Data protection board
The board appears to have limited dominion as a rule-making power. The power to define regulations and clarify modalities while implementing or interpreting the act has been solely vested with the central government.[29] The board can receive and investigate complaints by data principals against data fiduciaries and consent managers, levy penalties, and issue directions to remediate or mitigate data breaches. Significantly, data principals must exhaust remedies available under the grievance redressal mechanisms of the data fiduciary before approaching the board.[30]
Cross-border transfers
Transfer of PII to other countries is permitted to all countries unless specifically restricted by the central government; this approach diverges from other countries.[31] However, sector-specific regulations that provide for a higher degree of protection generally or in connection to the transfer of PII outside India would also be applicable and coexist with the act. As such, localization mandates prescribed by regulators (such as the Reserve Bank of India) for the financial sector would still be relevant.
PII breaches
Data fiduciaries are mandated to report PII breaches to the Data Protection Board and the data principal regardless of the materiality or impact, unlike the GDPR, which requires reporting based on risk thresholds.[32] This contrasting approach may lead to operational complexities in implementation and incremental costs to data fiduciaries, and the underlying benefits are unclear.
Penalties
Varying penalties (up to INR 2.5 billion/USD 30 million) for PII breaches and other noncompliance with the act may be levied by the board, and factors such as materiality, duration, and nature of the violations and mitigation measures are to be considered by the board while determining the penalty.[33] Notably, affected data principals are not eligible for compensation.
Exemptions
The act provides exemptions from substantially all provisions of the act for processing for the prevention, detection, investigation, or prosecution of offenses, among other processing purposes.[34] From the context of a private organization, almost all types of misconduct may be interpreted to constitute offenses under the law, and this exemption may be leveraged to justify superfluous and extensive processing. This approach would diverge from the act’s spirit. An alternate view is that this exemption would be limited to offenses where a specific duty or obligation has been cast upon a data fiduciary under law, thereby limiting the usage of this exemption.

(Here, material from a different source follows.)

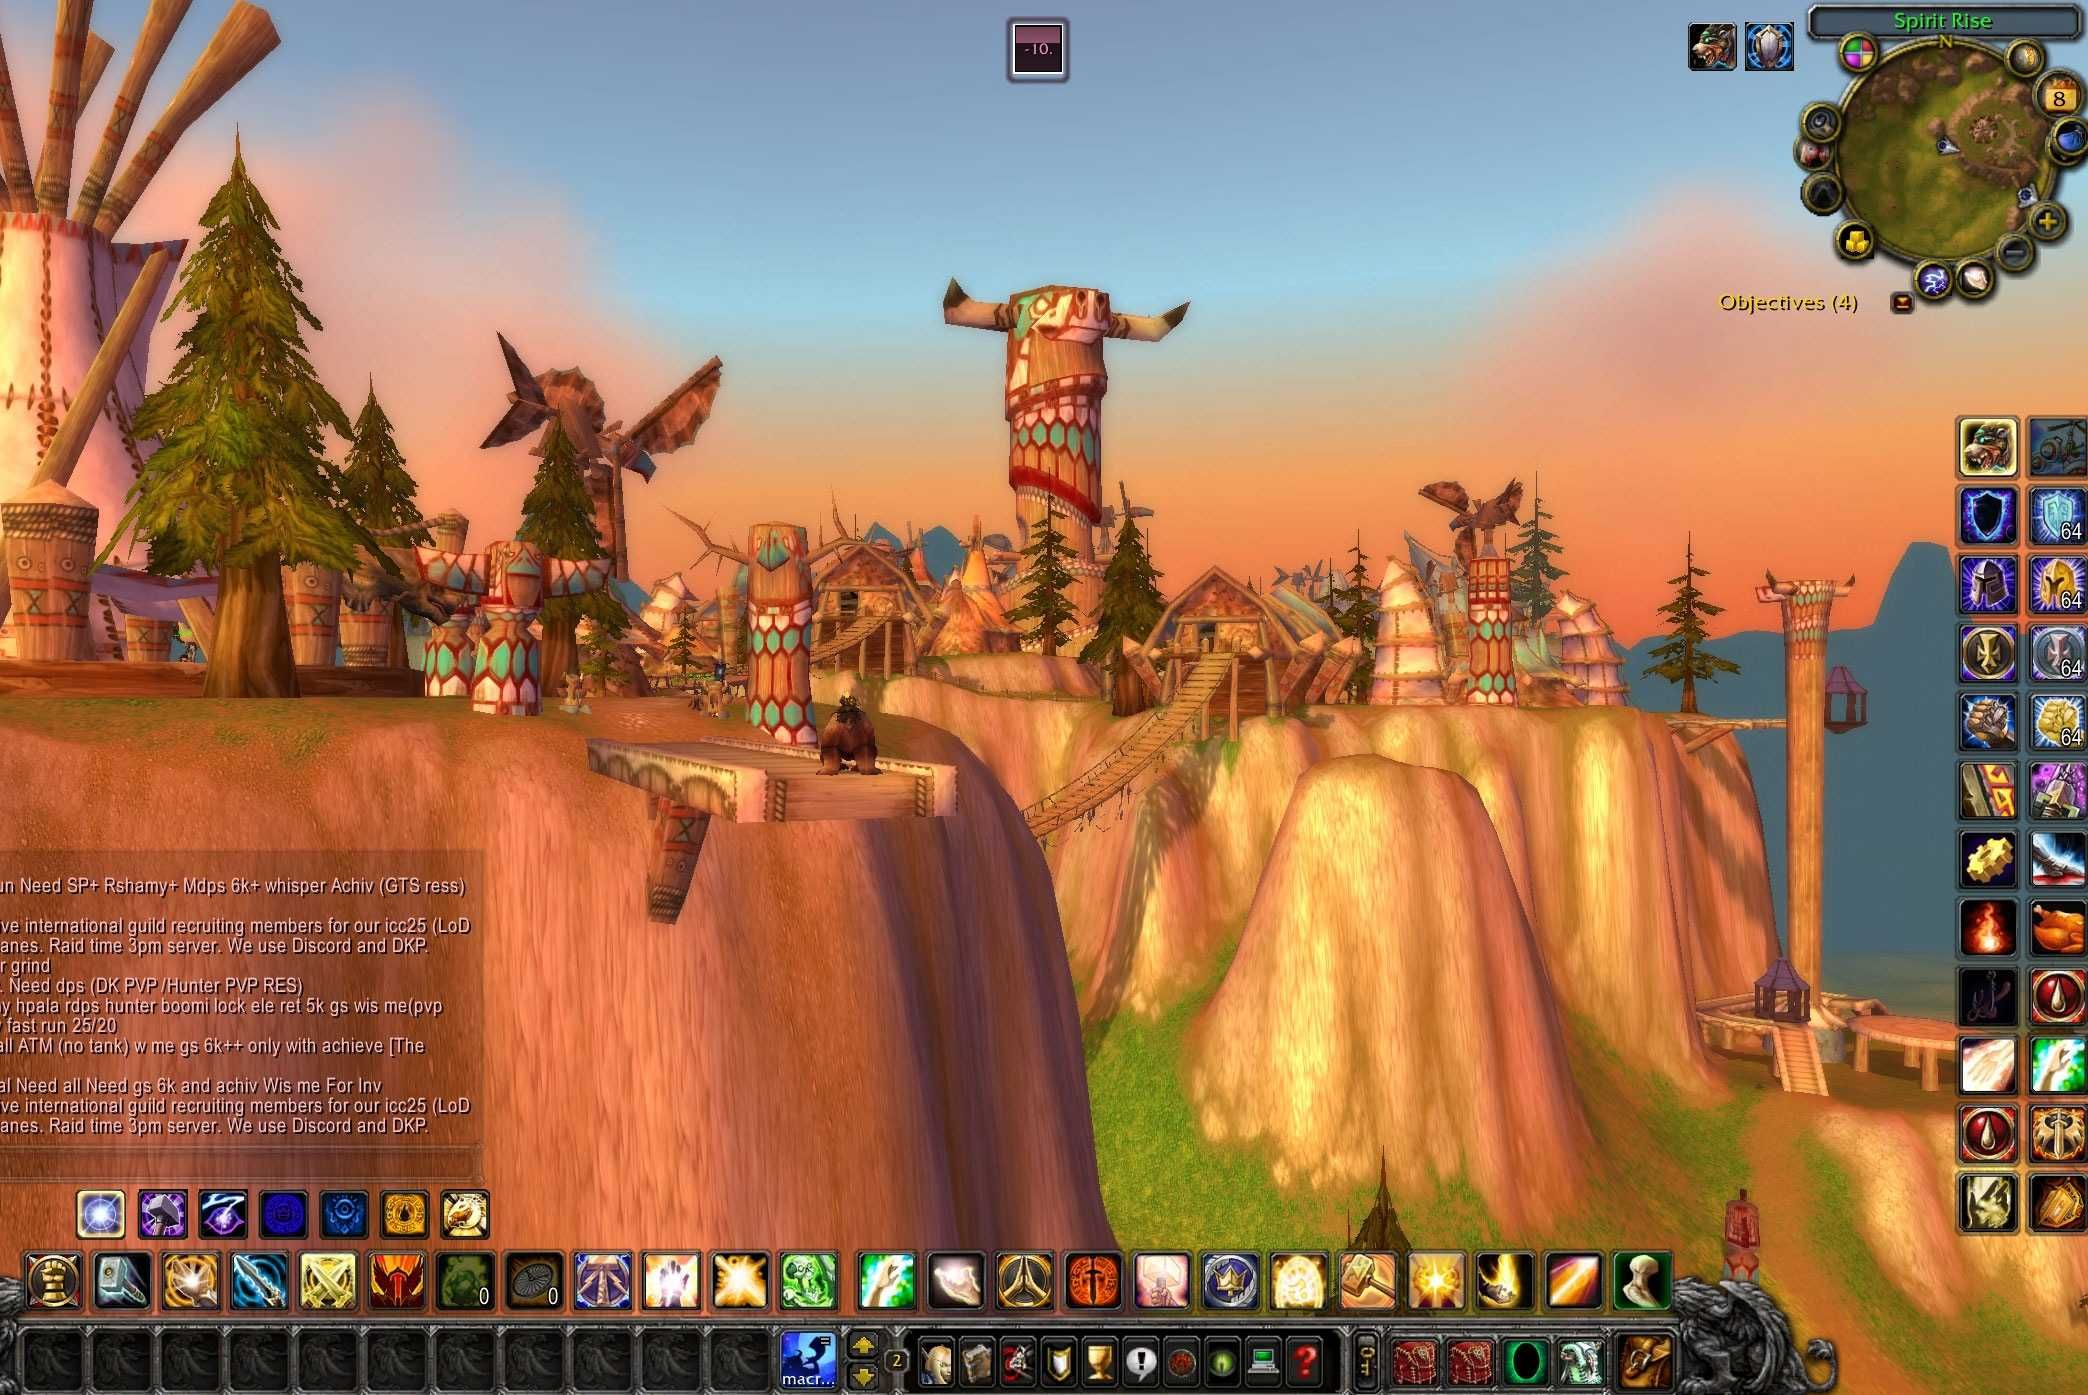 Totem nativ american maya lemn cadou vintage Warcraft decor monitor

It is anticipated that subsequent directions or rules from the central government will clarify the nuances of this exemption. The central government can also exempt—based on the volume and nature of PII processed—data fiduciaries from certain obligations such as notice requirements or erasure of PII, and it is anticipated that start-ups and small businesses would fall under this exemption.

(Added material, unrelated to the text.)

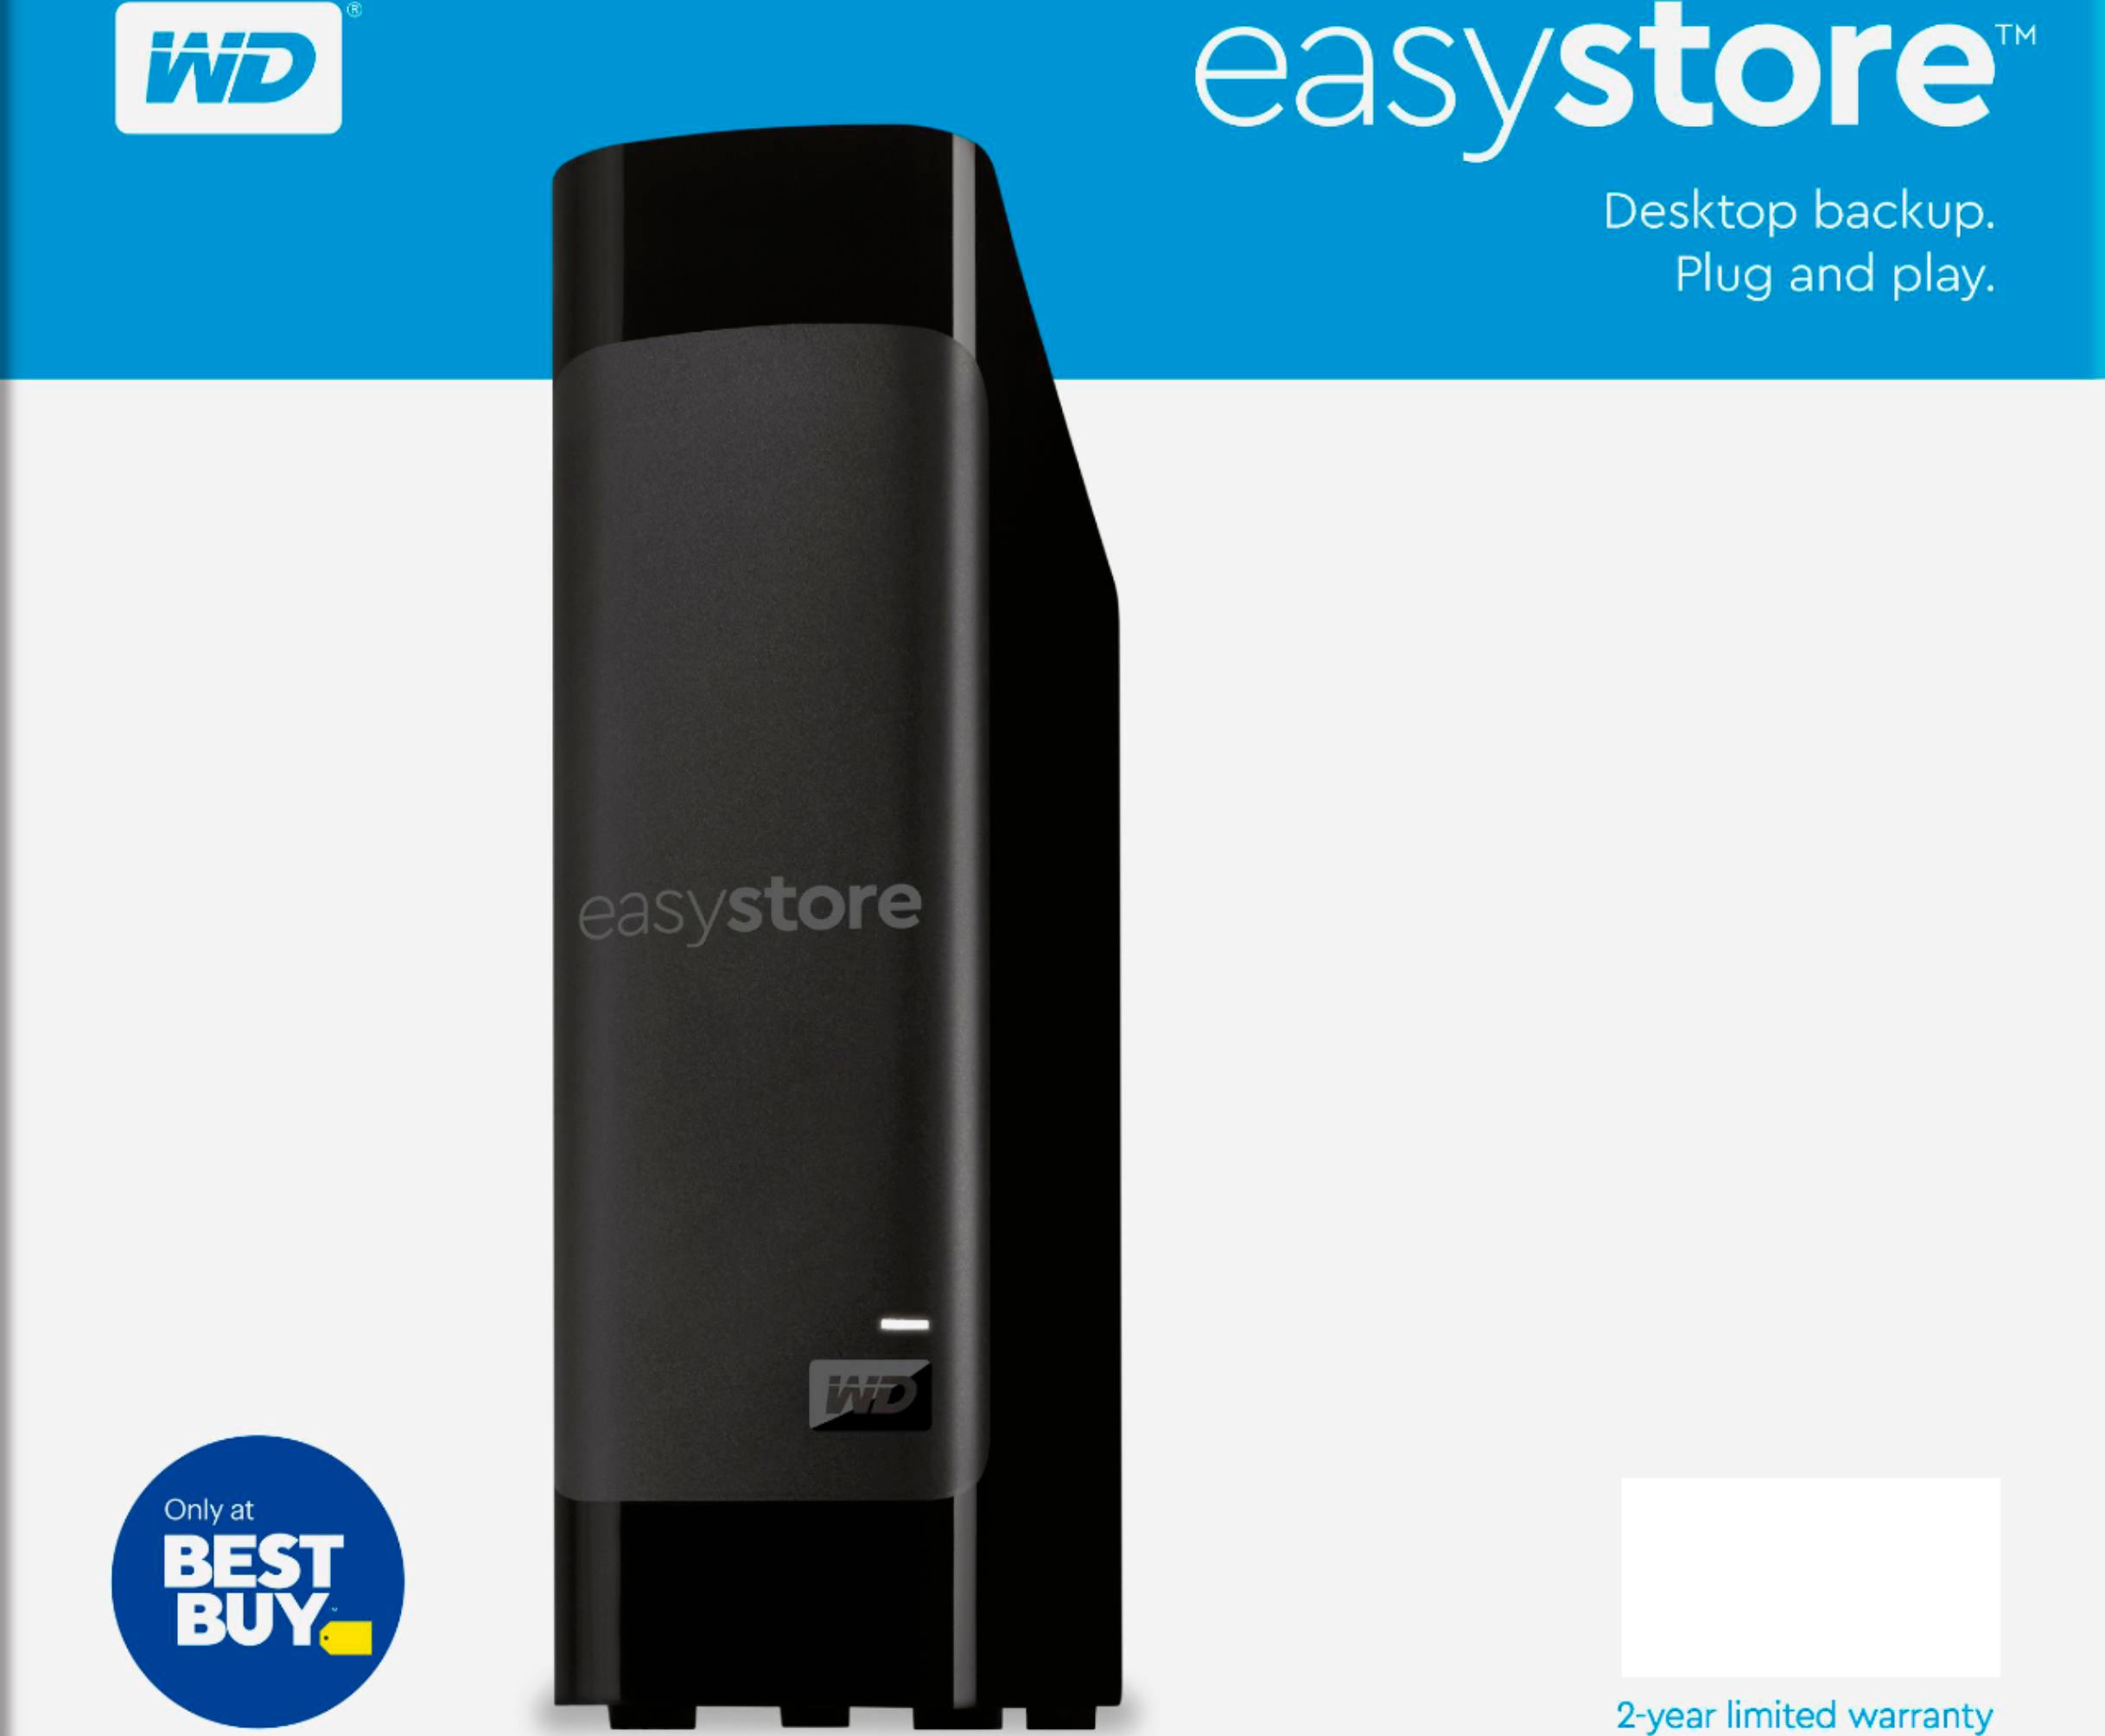 WD - easystore 16TB External USB 3.0 Hard Drive - Black $389.99

Notified government entities are completely exempted if the processing is connected with security and public order. This exemption has been critiqued to an extent as it places such government entities on a different pedestal altogether; in the absence of checks and balances, privacy rights may be diminished. The act will also not apply for processing in connection with research, archiving, or statistical purposes if the PII is not used to make any decision specific to a data principal. Notably, this exemption will permit the training of AI models on personal data.